お腹の中の彼に早く会いたい!みんなでその時を楽しみにしておりました。わくわく感が伝わってきます。
エコー写真を見せていただきましたが、顔の凹凸がはっきりしていてお父さんに似ているのが分かり驚きでした。最近のエコーってすごい…

そして、出産のご報告を頂いてから、半年後。
2018年8月。
エコーに写っていた噂の彼にやっと会えました。

お母さんと正面を向いてくれた奇跡的なショットです。

ニューボーンフォトといえども、新生児のお世話は大変すぎるし、お母さんの体力も戻りきっていません。病院を退院してすぐの撮影というのはなかなか難しく、今回もお母さんが育児に慣れて、精神的にも少し余裕が出てきた頃の撮影になります。

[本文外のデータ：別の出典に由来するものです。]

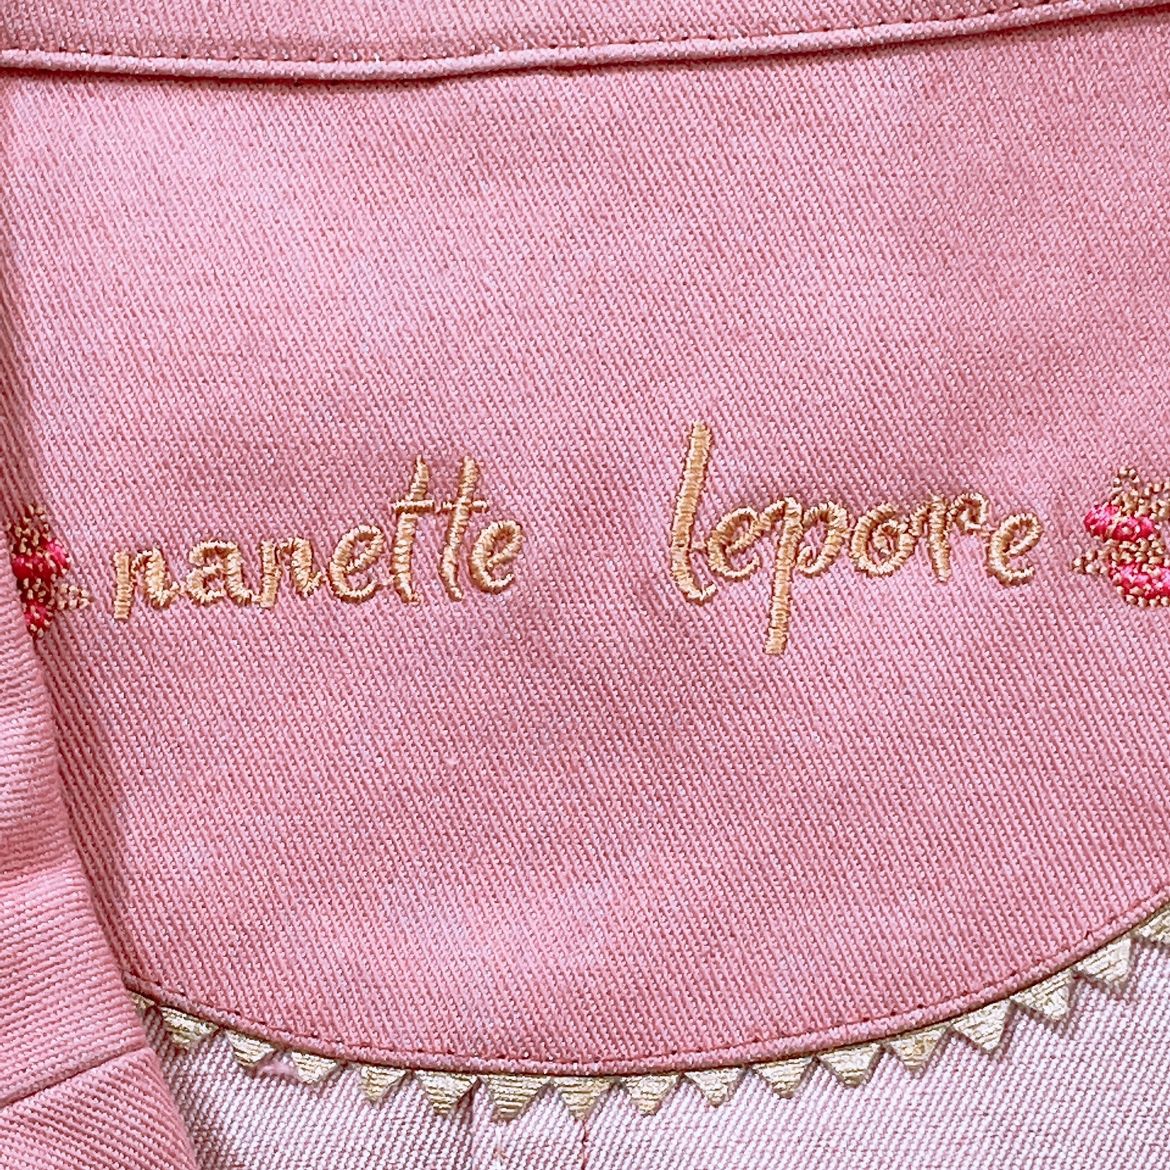 レディース2 nanette lepore ジャケット ピンク バラ ボタン ベルト有 オシャレ かわいい ナネットレポー 【21297】

旦那様も3回目の撮影ともなると、カメラマンにも慣れて、自然体に。表情も柔らかくなり良い写真が増えます。

泣き顔や寝顔もいいけど、どうせ撮るならニコッとしてくれた瞬間をおさめたいもの。

ソロ写真を撮ろうとお母さんが抱っこをやめると、当然ふうぇっと泣き顔になってしまうのですが、お母さんがある魔法の言葉を言うと、すんと泣き止んでくれたのです。

それは、「ぽちゃっこ。」

そこからは、みんなでずーっと「ぽちゃっこ!ぽちゃっこだよ!」と叫んでいました。

ぽちゃっこのおかげで、この笑顔。


奥様のリクエストで寝相アートの撮影。


このお名前の書かれたボードは、ふだんおうちで使っているものを持ってきてもらいました。
お仕事が忙しく、いつも家族が寝静まったころに帰ってくる旦那様。そんな旦那様のために奥様がねぎらいのメッセージと夕飯のメニューを書いて、食卓の上に置いておくのだそうです。

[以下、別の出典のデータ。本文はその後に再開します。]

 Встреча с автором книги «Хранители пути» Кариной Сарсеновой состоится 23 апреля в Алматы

「毎日疲れて大変だけど、本当にこの瞬間てその時しかないんですよね。何十年と経ってまた見返すのが楽しみです。」

そう写真は未来へのプレゼント。
お子さんだって、自分だけが写った写真より、お母さんと一緒に写った写真を見たい。
家族全員に囲まれて写った写真は、一生のお守りです。
愛されたその証拠は、記憶からは消えても、ずっと形に残っている。

彼が大人になって悲しいことや辛いことに襲われるとき、その写真は、きっと彼を勇気づけてくれるはず。